И, как говорят в таких случаях, жизнь продолжается, не так ли? Да, жизнь идет дальше…
Месяц спустя, в мой последний рабочий день в ОИТ, перед тем как я должна была родить сама, пришли Игорь и Кристина, родители маленького Игоря. Я помню, как она улыбалась при виде моего огромного живота, как обе мы крепко обнялись. Ни у одной из нас не было ребенка на руках, но мы обе были матерями, так мы ощущали себя тогда и таковыми будем ощущать себя всегда. Мы мало что смогли сказать друг другу, потому что меня переполняли эмоции. Они были настолько сильными, что я не могла вымолвить ни единого слова. Рядом со мной был мой наставник, ветеран неонатологии, доктор Хосе Луис Тарасона. Он взял инициативу разговора в свои руки. Обе матери, мы смотрели друг на друга, взволнованные. Они пришли поблагодарить нас за то, что мы для них сделали. Именно эти слова благодарности придают смысл нашей профессии, нашим усилиям, иногда нашим разочарованиям. Слова благодарности, которые никогда не забываются.
Время прошло, и родился мой первый сын Карлос, чье появление на свет озарило мою жизнь.

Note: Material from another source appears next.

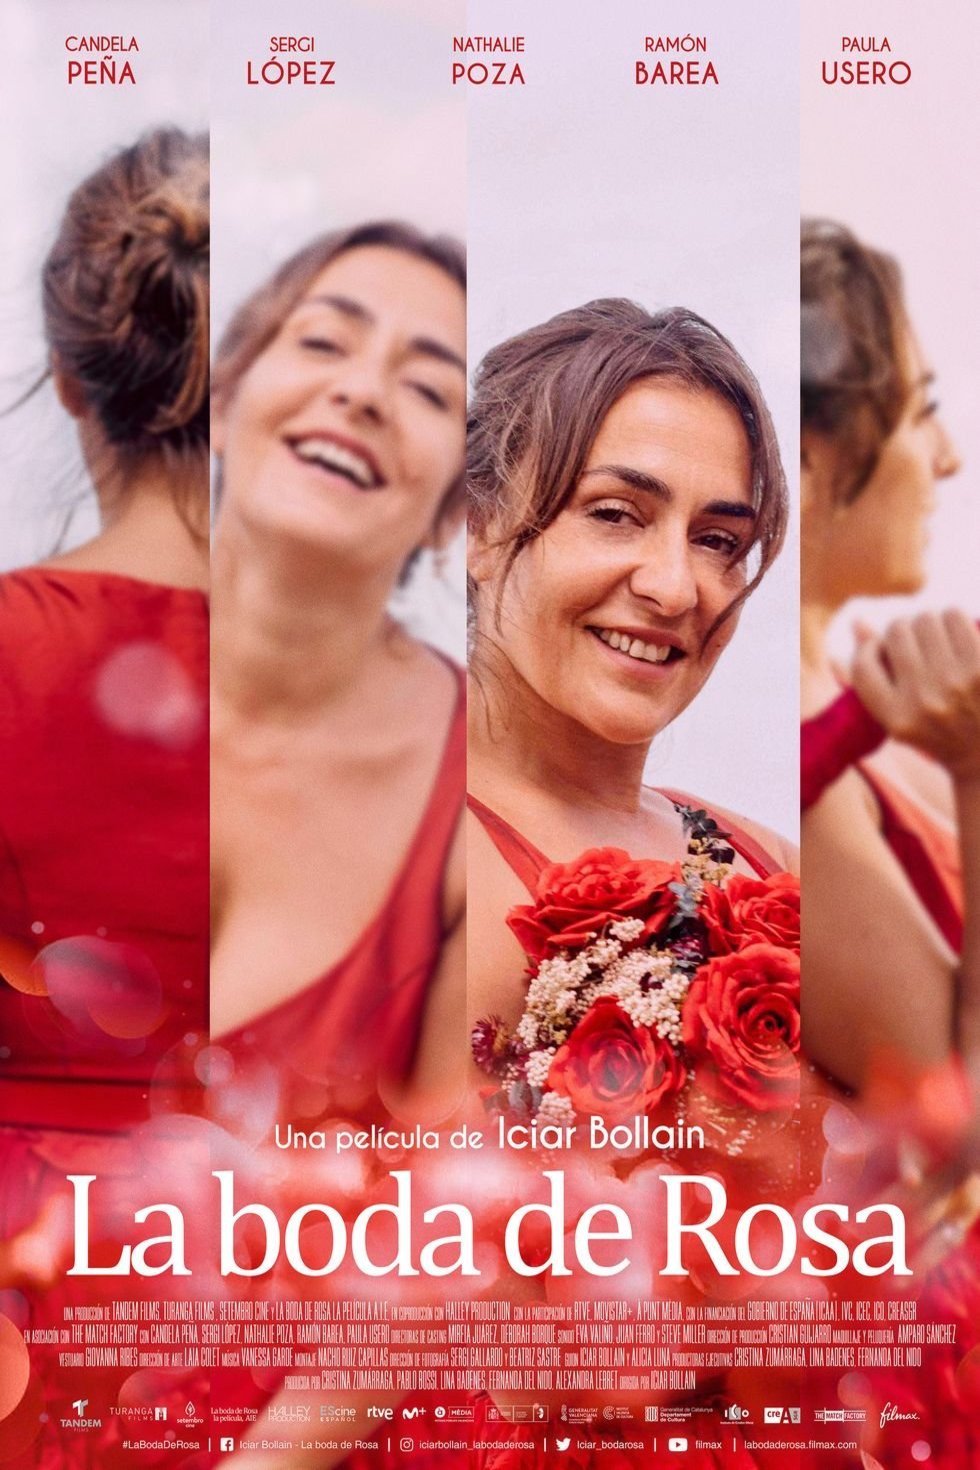 Spanish poster of the movie La boda de Rosa

Прошло еще несколько лет, и в один прекрасный день, когда я стояла в большом универмаге, держа Карлоса за руку и разглядывая вместе с ним банки с красками, к нам подошел мужчина с мягкой и спокойной улыбкой на лице. Это был папа Игоря, он работал там. Он рассказал мне, что его жене стало лучше, что они по-прежнему были вместе и близки, и даже пытались снова забеременеть. Его взгляд гово рил мне гораздо больше. Слушая его ровный голос, я крепко сжимала руку сына и думала о чертовой русской рулетке. Я уходила с глазами, полными слез. Я снова мысленно пережила те бесконечные дни, то душераздирающее прощание отца и сына, то необъятное горе. И в моей памяти снова всплыл день родов, когда мой сын оказался наконец у меня на руках, плачущий и полный жизни. В этот момент на глазах у всех я опустилась на колени и обняла Карлитоса так крепко, как только могла. И он, столкнувшись с таким неожиданным объятием, начал прыгать от радости, осыпая меня поцелуями, являя мне еще раз все счастье материнства.

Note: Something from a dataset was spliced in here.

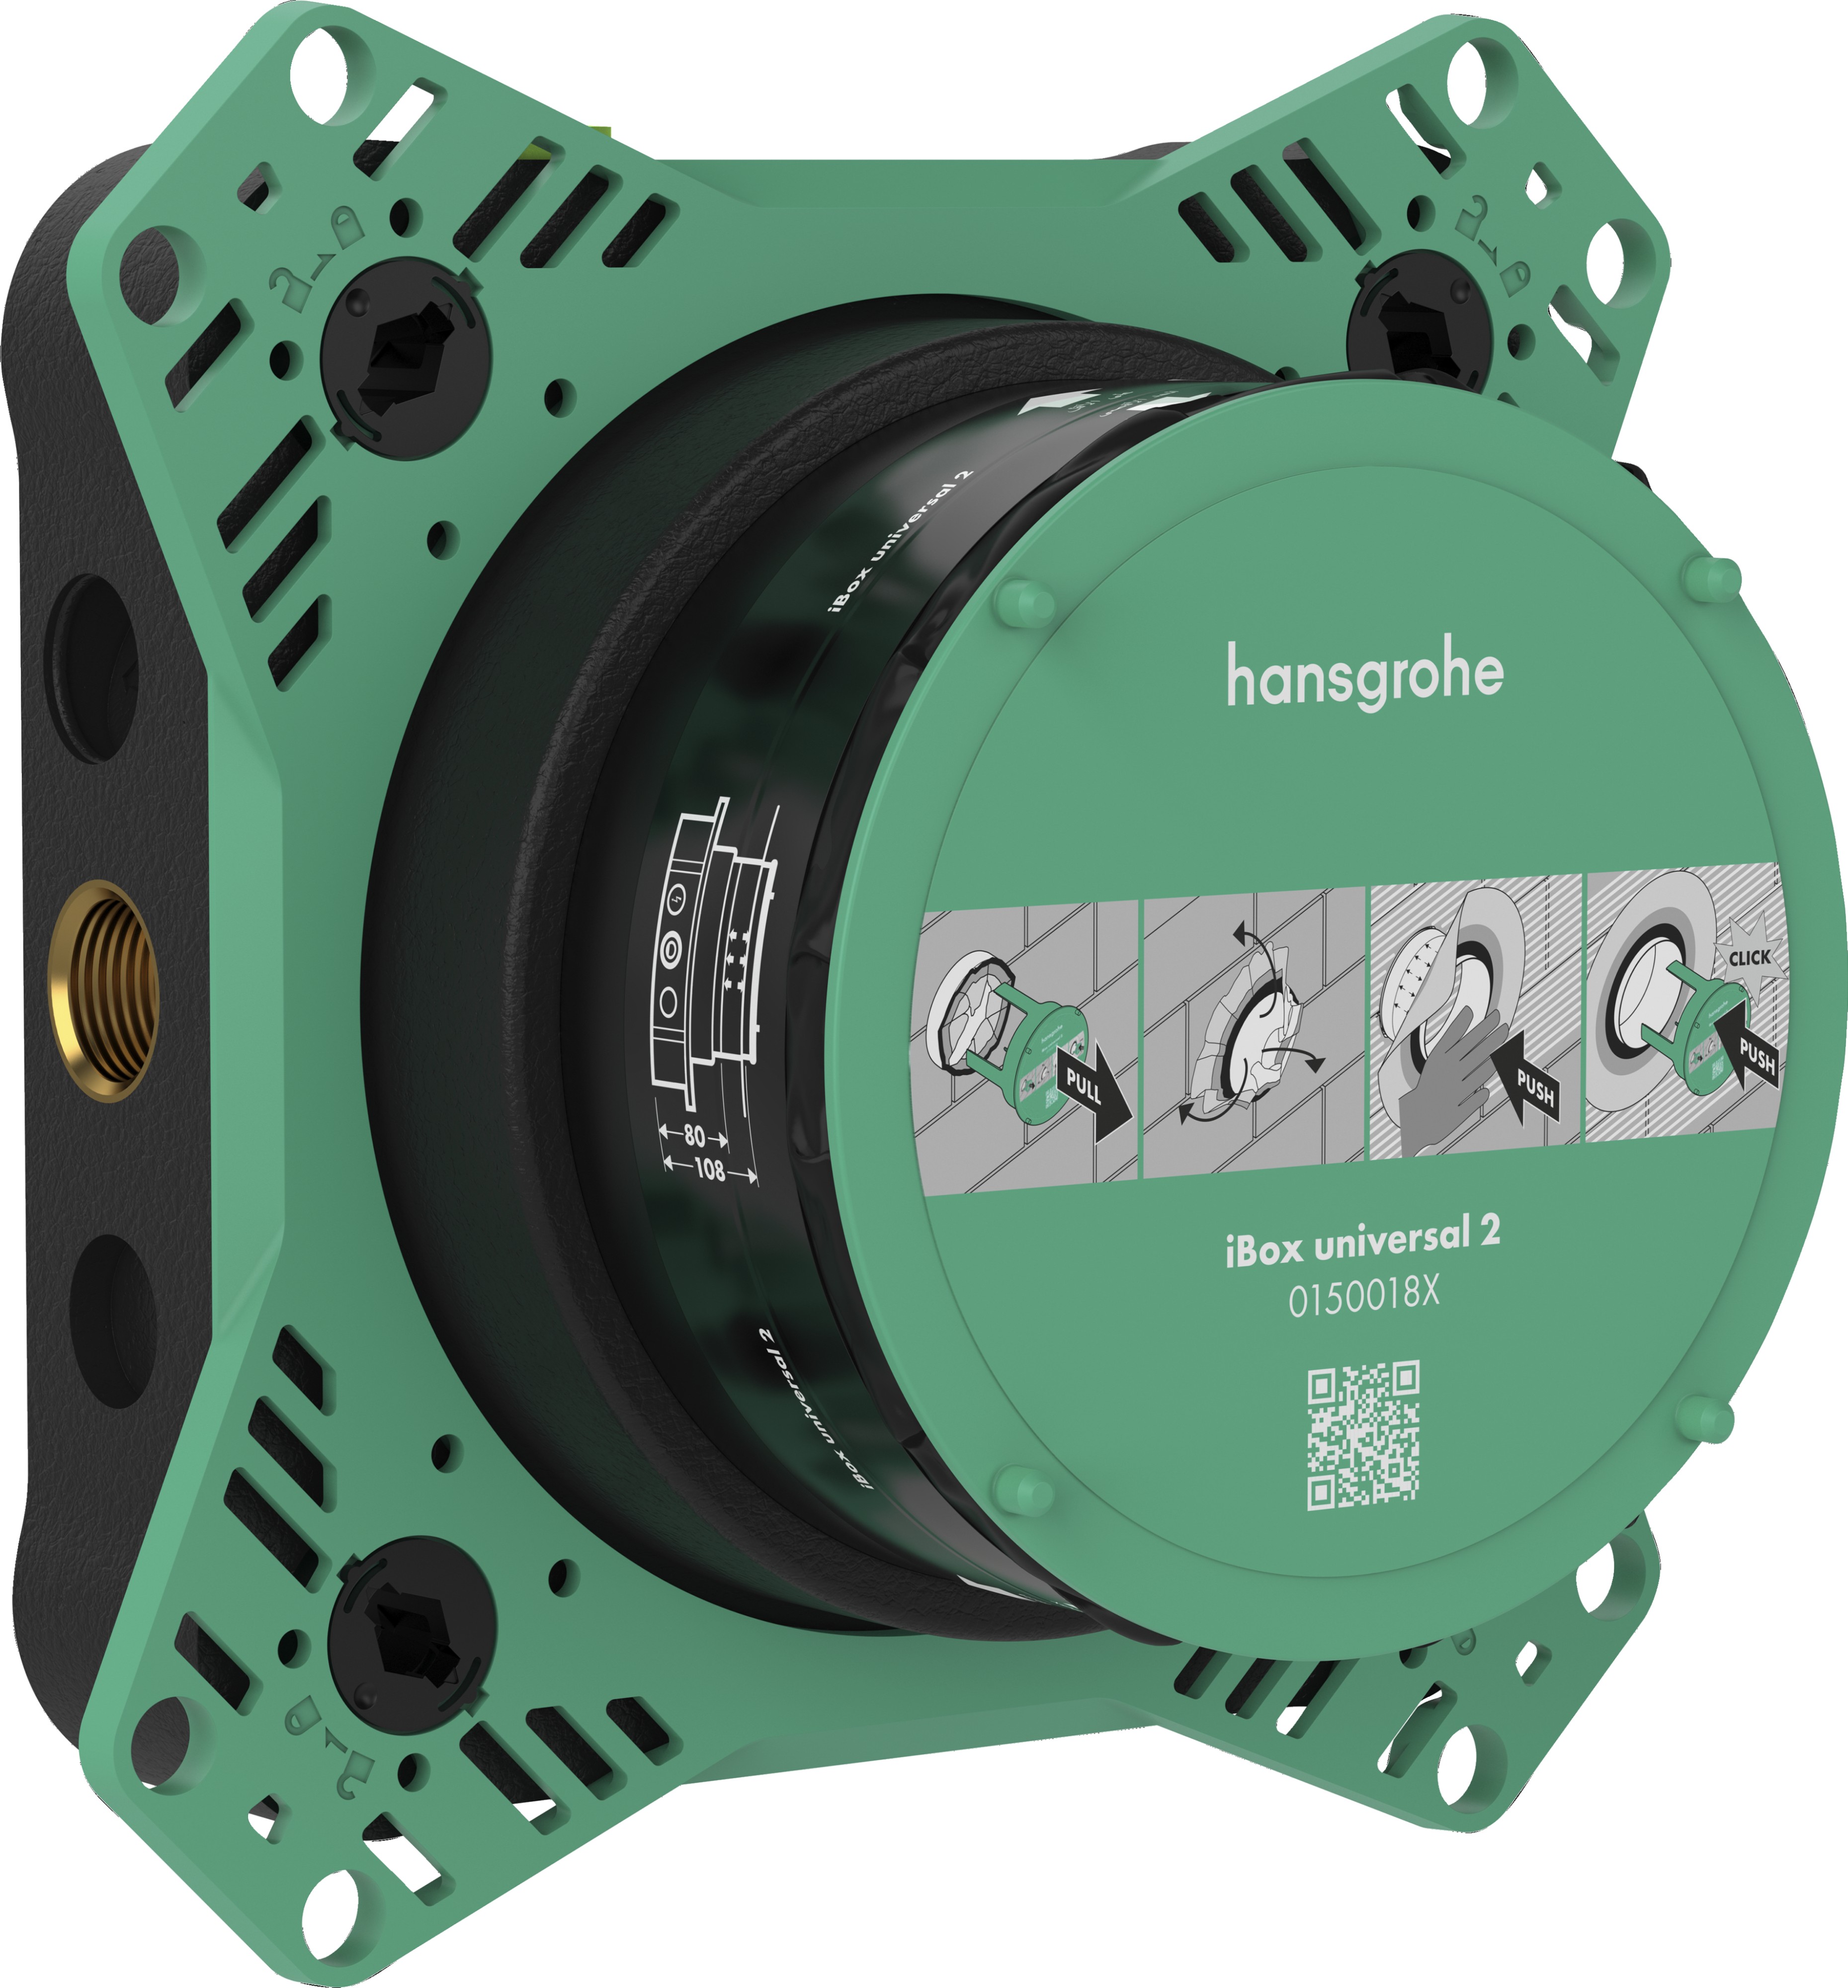 Corp Incastrat Hansgrohe Ibox Universal 2 Pentru Baterii Incastrate

Годы шли, я закончила обучение по специализации, снова забеременела и родила второго ребенка, Ковадонгу, которая наполнила мою жизнь еще большей радостью. Я проработала несколько лет в одной больнице, затем в другой, и три года назад, когда ко мне на консультацию пришла одна из пациенток, у нас состоялся интересный разговор.
– Лусия, можно вас спросить? Случайно не вы работали в отделении интенсивной терапии для новорожденных в Аликанте зимой 2006 года?

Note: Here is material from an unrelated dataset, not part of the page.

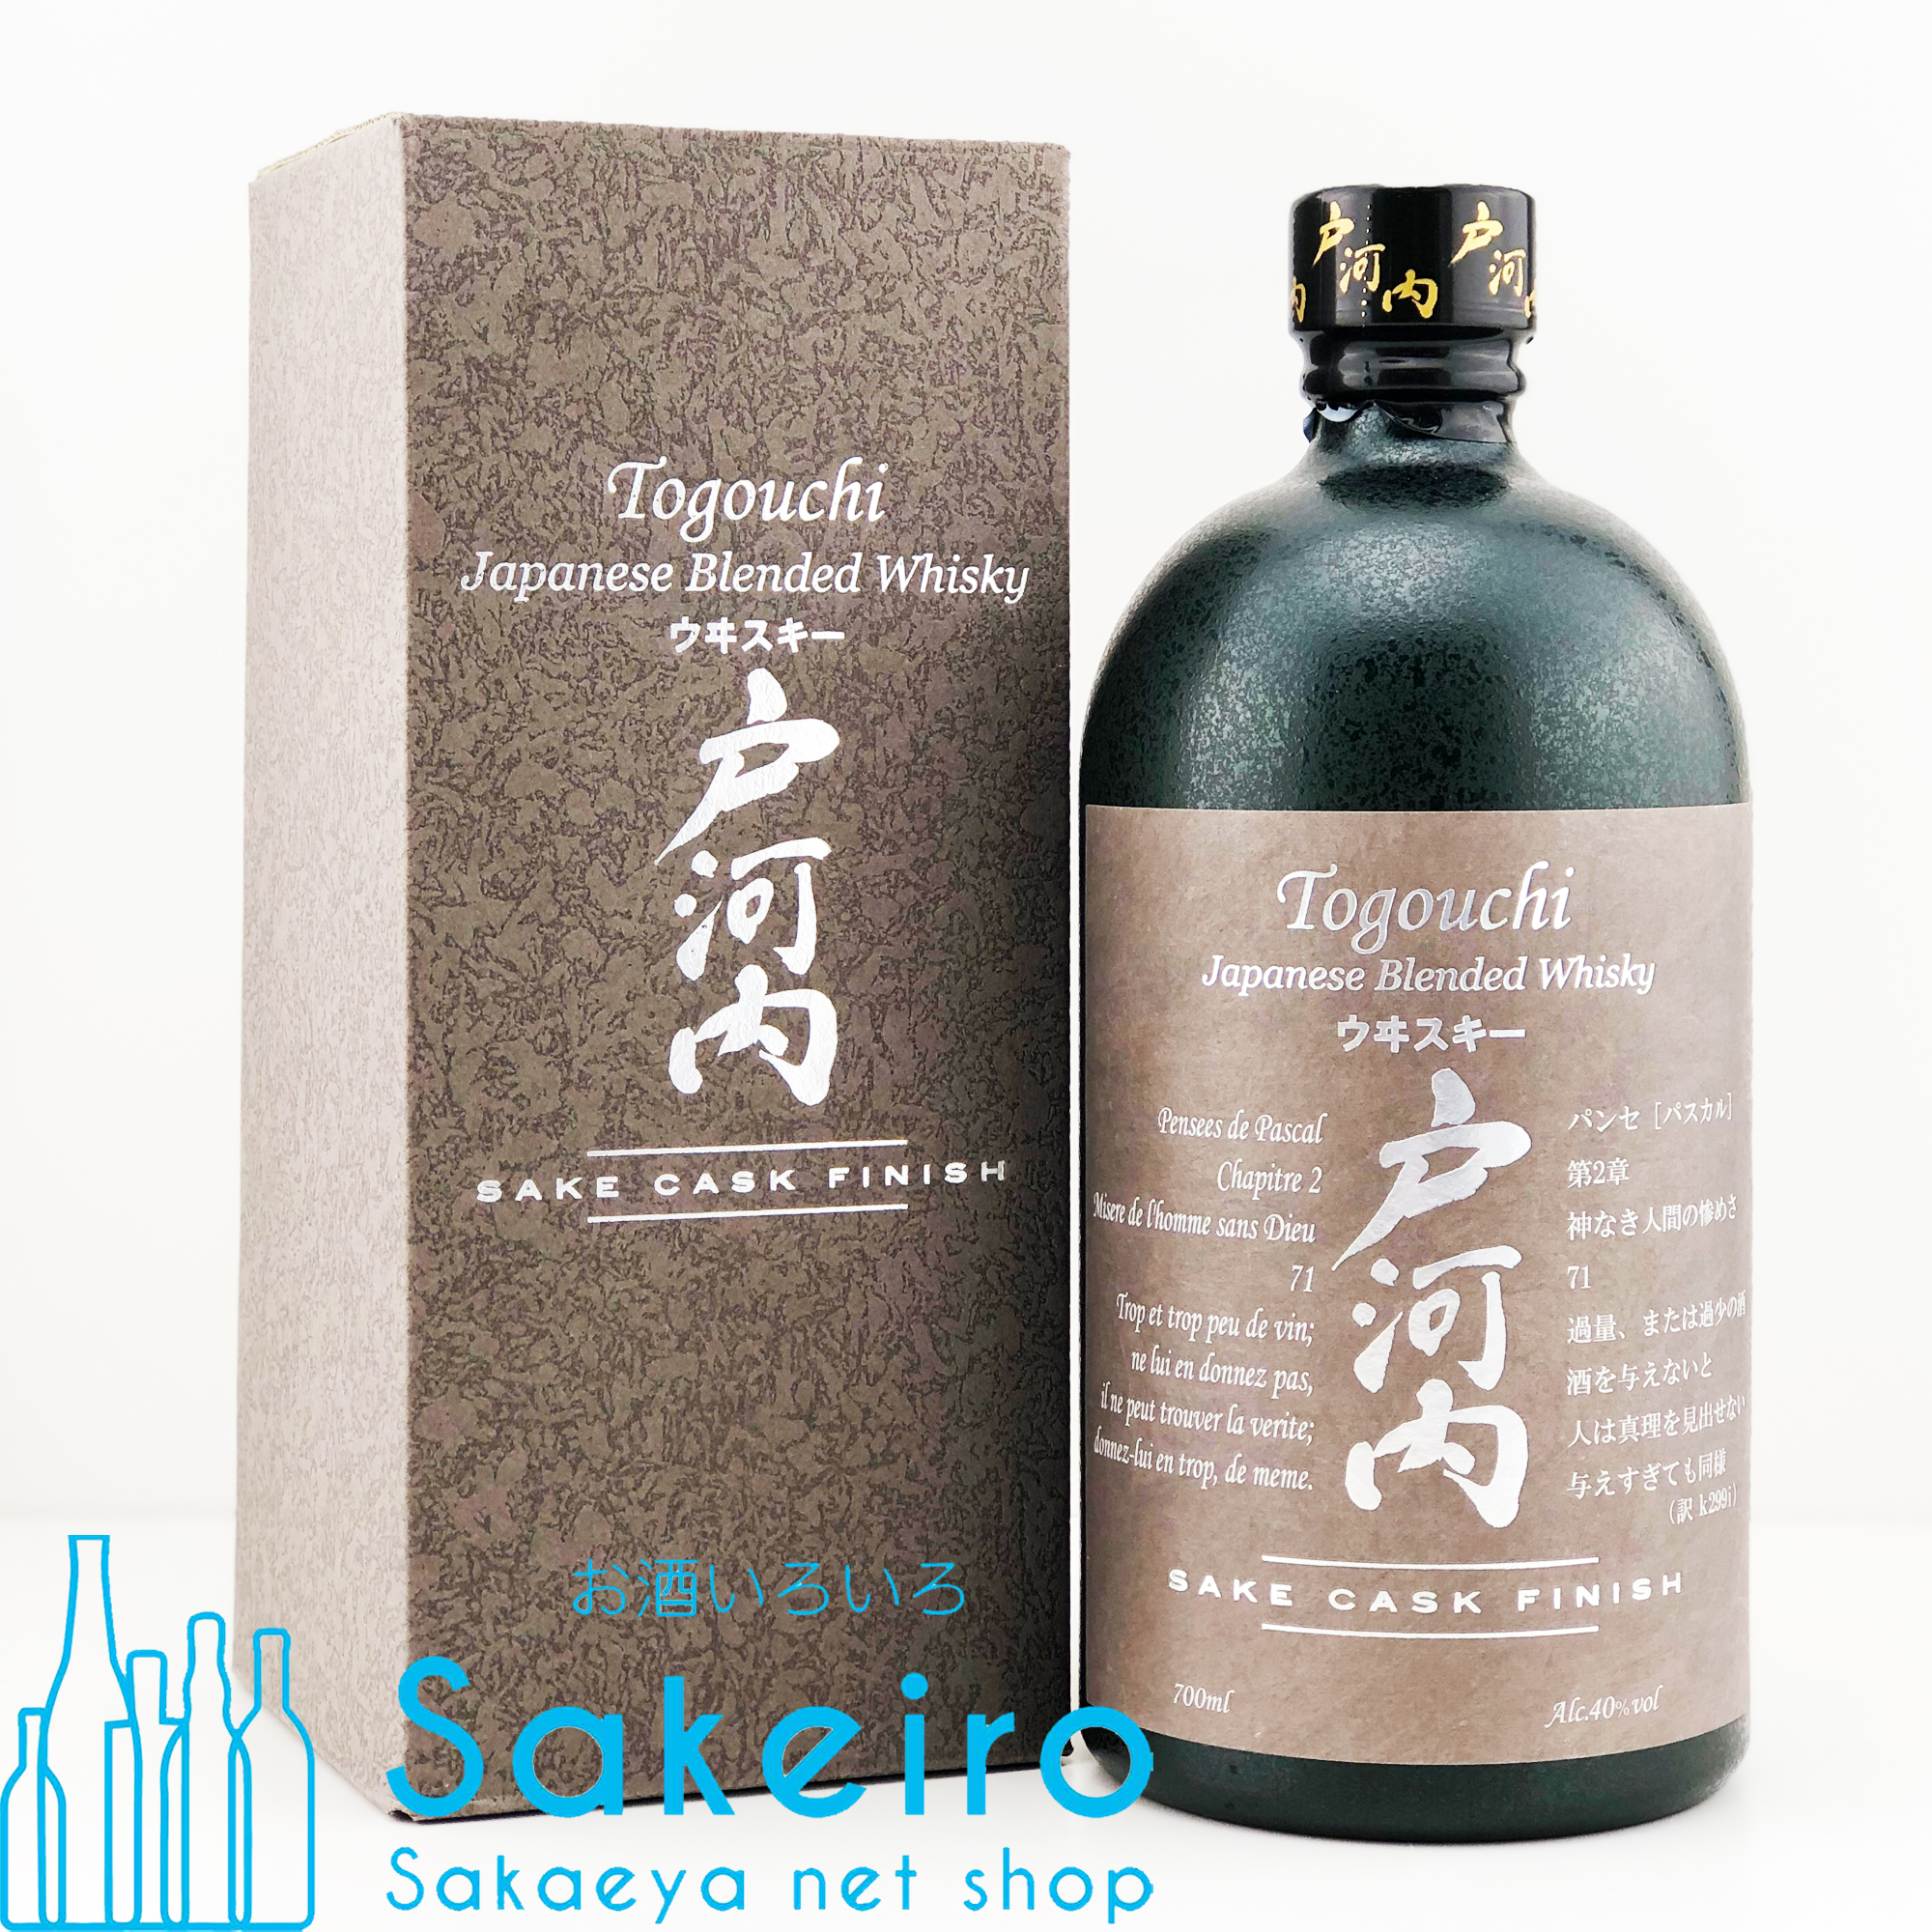 中国醸造 戸河内ウイスキー サケカスク フィニッシュ 40％ 700ml - お酒いろいろ Sakeiro -Sakaeya net shop-

– Да, это действительно я, – ответила я, заинтригованная.
– Так это вы! – воскликнула она взволнованно.
Я уже решительно не понимала, что происходит.
– Видите ли, я близкий друг родителей Игоря. Вы помните их? – спросила она меня.
– Конечно, я их помню! Как у них дела? – спросила я, искренне желая узнать о них как можно больше.
Моя пациентка улыбнулась, и ее глаза заблестели от радости.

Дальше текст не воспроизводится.